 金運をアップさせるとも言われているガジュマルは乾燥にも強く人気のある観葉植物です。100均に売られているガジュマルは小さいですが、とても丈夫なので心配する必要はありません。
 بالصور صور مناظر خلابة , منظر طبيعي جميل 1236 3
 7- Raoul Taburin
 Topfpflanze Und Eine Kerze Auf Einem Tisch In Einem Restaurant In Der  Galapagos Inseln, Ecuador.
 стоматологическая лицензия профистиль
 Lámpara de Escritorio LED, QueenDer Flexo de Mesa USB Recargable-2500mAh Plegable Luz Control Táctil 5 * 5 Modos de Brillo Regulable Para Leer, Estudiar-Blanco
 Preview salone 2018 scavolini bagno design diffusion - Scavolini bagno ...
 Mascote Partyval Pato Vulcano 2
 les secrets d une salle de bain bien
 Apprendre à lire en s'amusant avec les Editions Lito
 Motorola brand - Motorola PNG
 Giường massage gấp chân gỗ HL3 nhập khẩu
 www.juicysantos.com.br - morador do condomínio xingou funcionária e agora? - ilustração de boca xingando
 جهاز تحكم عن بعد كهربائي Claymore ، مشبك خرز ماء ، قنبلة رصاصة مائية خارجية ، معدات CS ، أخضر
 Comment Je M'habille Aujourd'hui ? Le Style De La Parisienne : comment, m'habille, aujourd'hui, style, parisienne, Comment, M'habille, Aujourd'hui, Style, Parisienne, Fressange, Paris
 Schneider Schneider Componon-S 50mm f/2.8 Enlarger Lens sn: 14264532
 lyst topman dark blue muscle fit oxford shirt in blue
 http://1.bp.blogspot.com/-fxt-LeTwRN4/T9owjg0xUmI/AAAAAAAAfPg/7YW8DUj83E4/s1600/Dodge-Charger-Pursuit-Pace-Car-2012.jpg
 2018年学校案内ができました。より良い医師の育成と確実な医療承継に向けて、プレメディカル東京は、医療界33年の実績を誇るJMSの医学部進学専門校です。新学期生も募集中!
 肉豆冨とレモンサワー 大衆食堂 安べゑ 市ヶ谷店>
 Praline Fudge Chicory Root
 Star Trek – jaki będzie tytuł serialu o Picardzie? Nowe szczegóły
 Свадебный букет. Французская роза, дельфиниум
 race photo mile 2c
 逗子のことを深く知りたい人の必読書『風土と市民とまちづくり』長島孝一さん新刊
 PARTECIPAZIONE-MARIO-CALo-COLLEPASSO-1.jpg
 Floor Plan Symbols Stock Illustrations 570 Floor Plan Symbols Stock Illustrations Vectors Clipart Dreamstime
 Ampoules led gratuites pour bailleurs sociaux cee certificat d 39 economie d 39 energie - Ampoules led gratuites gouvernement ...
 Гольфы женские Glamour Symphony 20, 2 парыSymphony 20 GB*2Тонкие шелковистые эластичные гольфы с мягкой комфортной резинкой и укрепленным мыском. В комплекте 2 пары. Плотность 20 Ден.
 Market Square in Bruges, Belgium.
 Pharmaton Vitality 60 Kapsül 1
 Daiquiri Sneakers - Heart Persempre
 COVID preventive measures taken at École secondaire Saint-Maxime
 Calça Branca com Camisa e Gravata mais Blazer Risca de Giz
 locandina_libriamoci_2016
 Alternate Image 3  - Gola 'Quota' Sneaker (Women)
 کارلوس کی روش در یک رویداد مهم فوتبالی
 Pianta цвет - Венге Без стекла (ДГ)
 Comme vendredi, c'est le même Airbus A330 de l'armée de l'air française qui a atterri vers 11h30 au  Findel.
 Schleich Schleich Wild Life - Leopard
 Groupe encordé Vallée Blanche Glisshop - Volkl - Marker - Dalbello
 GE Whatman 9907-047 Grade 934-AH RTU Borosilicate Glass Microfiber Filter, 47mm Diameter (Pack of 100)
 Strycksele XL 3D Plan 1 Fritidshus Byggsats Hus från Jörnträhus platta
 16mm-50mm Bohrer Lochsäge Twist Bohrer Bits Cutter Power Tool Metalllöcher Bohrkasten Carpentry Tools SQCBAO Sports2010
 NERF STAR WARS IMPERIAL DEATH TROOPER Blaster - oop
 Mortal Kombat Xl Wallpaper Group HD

____

### Exercise details
Word for word, restate the lines above from the line containing "Motorola brand - Motorola PNG" through the line containing "جهاز تحكم عن", with both included and nothing else.

### Task output
 Motorola brand - Motorola PNG
 Giường massage gấp chân gỗ HL3 nhập khẩu
 www.juicysantos.com.br - morador do condomínio xingou funcionária e agora? - ilustração de boca xingando
 جهاز تحكم عن بعد كهربائي Claymore ، مشبك خرز ماء ، قنبلة رصاصة مائية خارجية ، معدات CS ، أخضر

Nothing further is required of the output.